§ Supplied data:
+++++
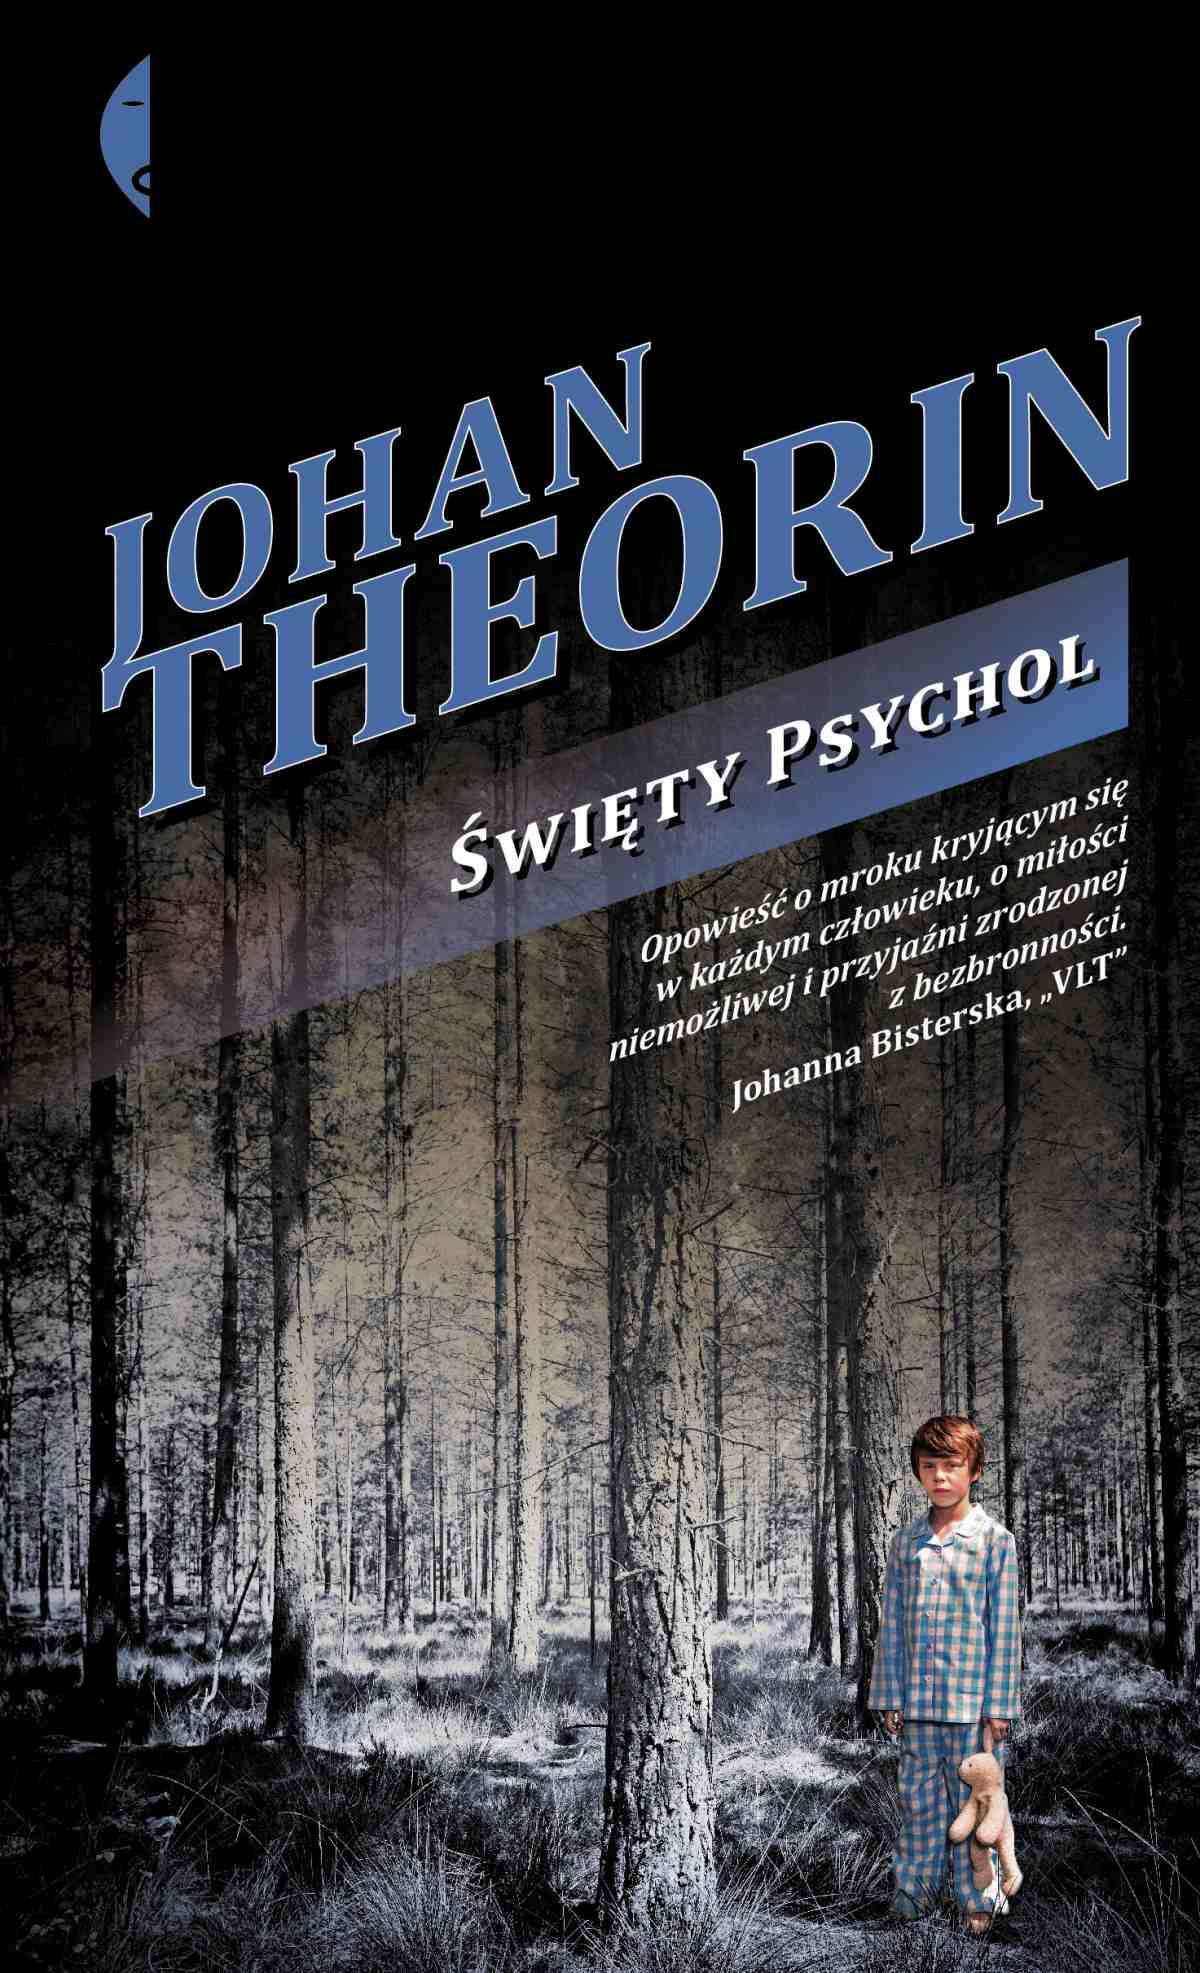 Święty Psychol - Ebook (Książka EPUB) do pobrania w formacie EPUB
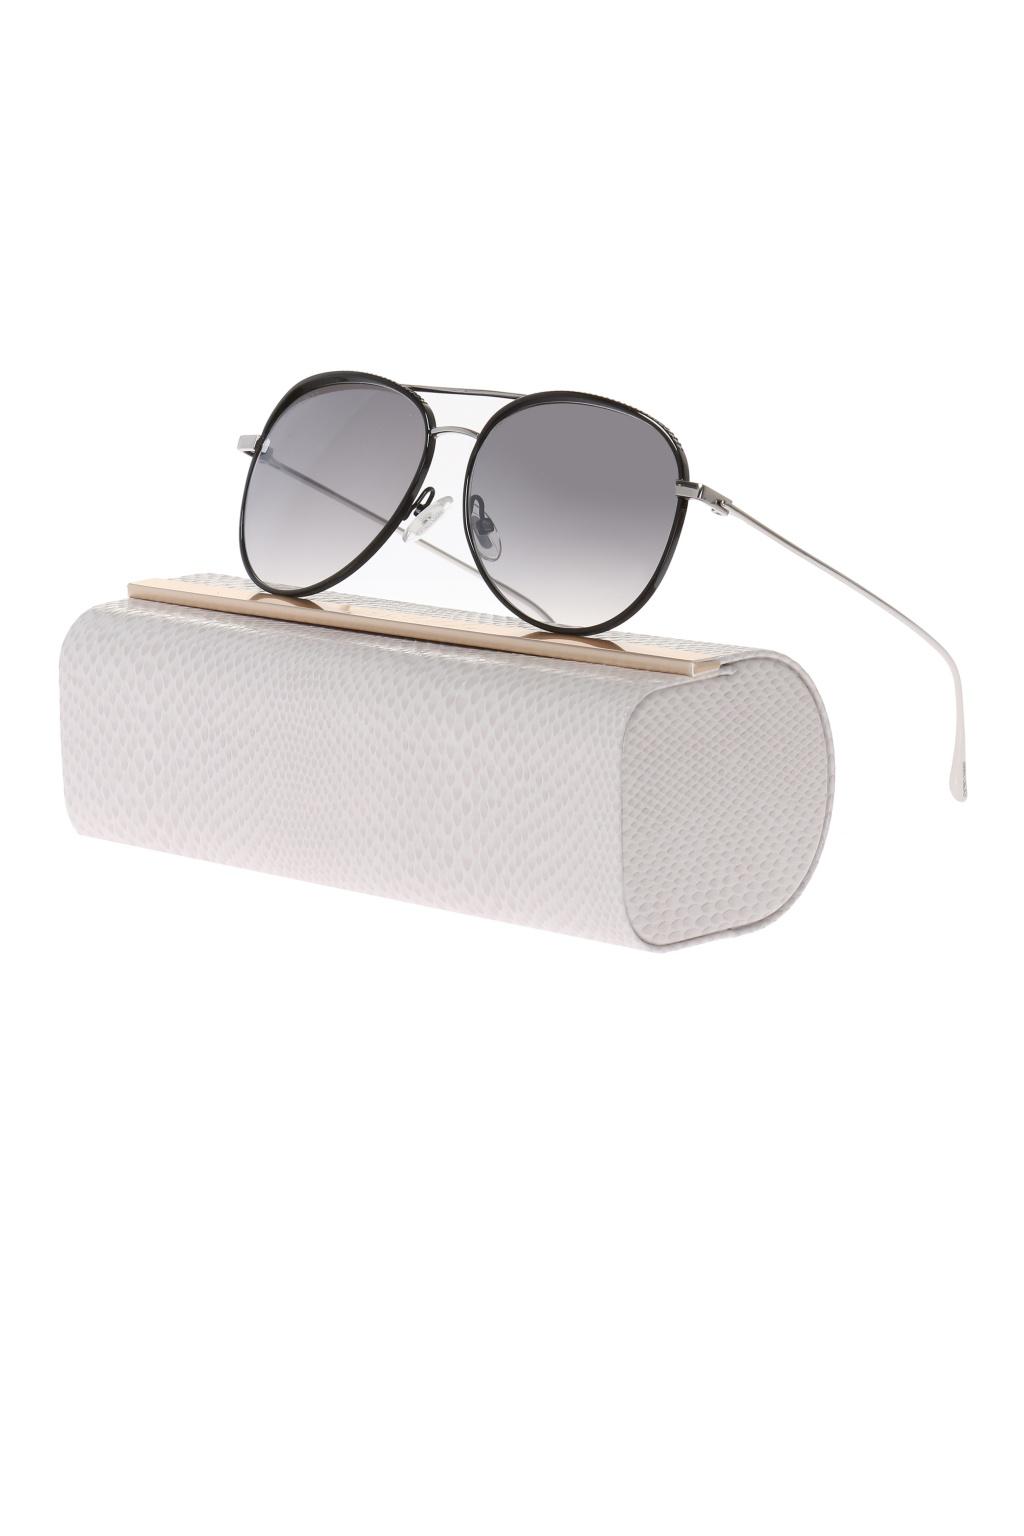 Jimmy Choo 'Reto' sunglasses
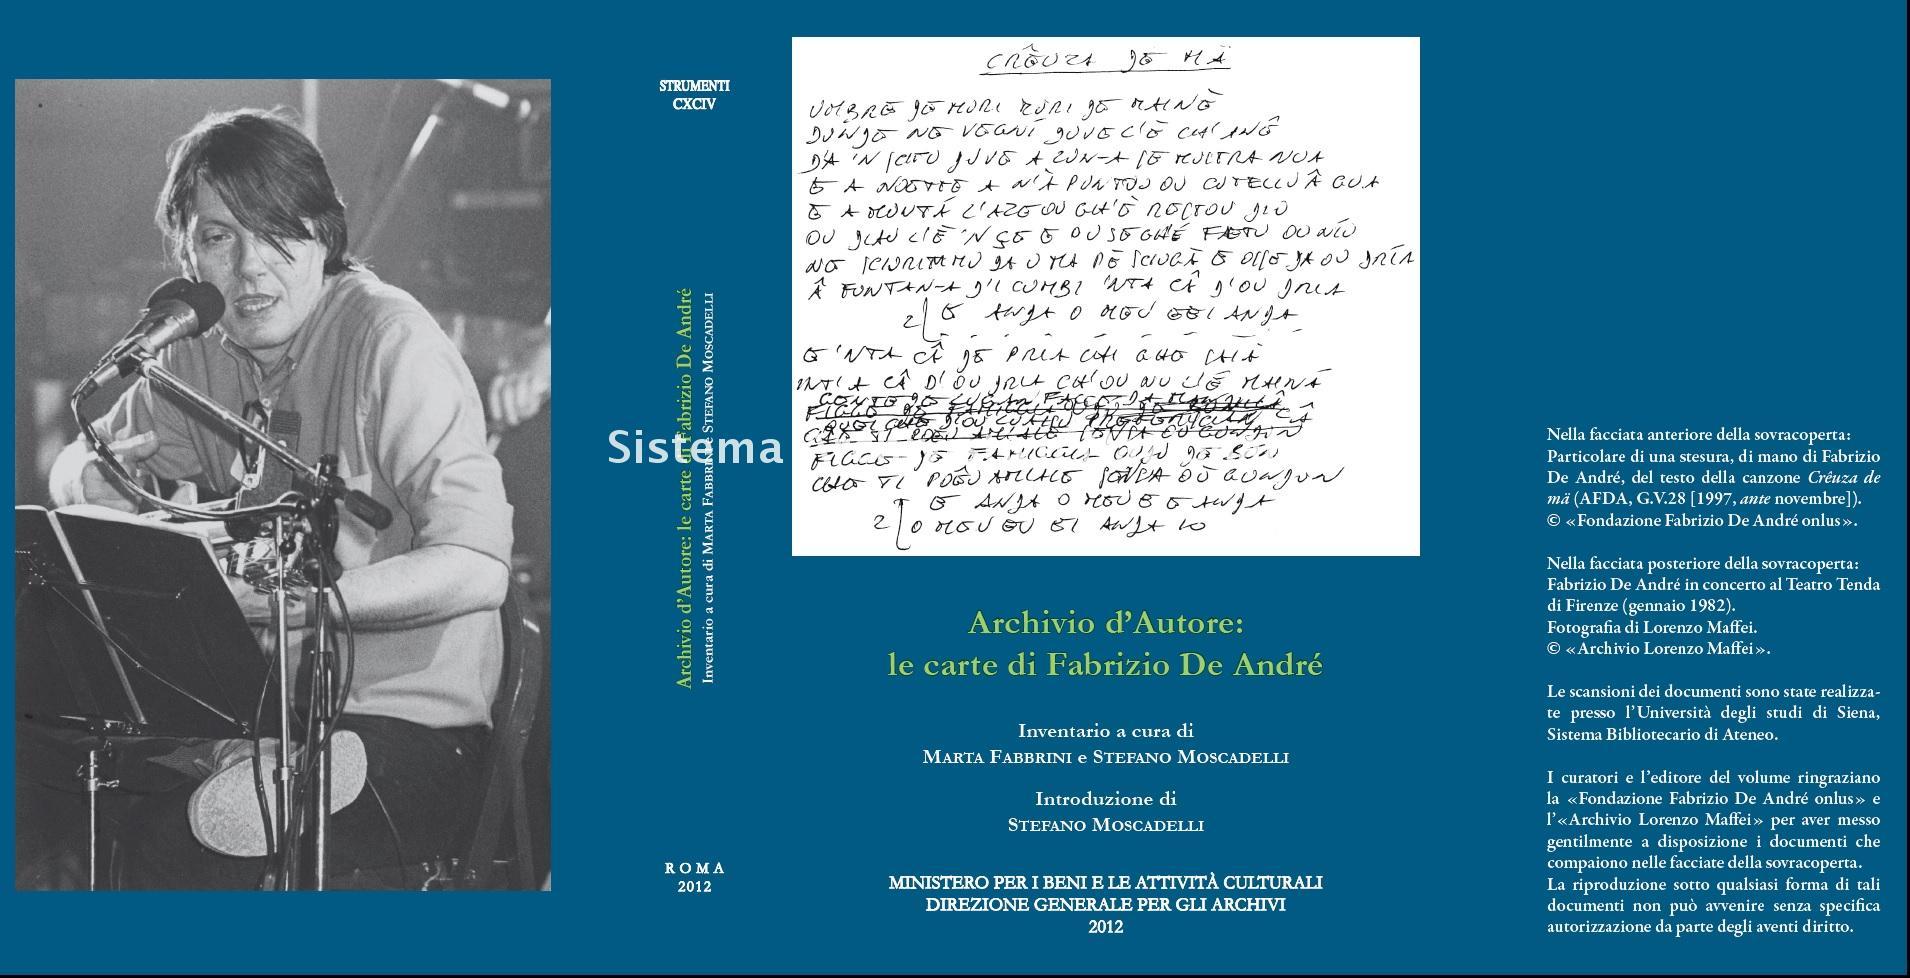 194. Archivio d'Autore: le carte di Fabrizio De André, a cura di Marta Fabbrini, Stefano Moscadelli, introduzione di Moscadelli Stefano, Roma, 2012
+++++
§ What you have to do:
Make an exact copy of the listing, with no images in it.

§ Exercise answer:
 Święty Psychol - Ebook (Książka EPUB) do pobrania w formacie EPUB
 Jimmy Choo 'Reto' sunglasses
 194. Archivio d'Autore: le carte di Fabrizio De André, a cura di Marta Fabbrini, Stefano Moscadelli, introduzione di Moscadelli Stefano, Roma, 2012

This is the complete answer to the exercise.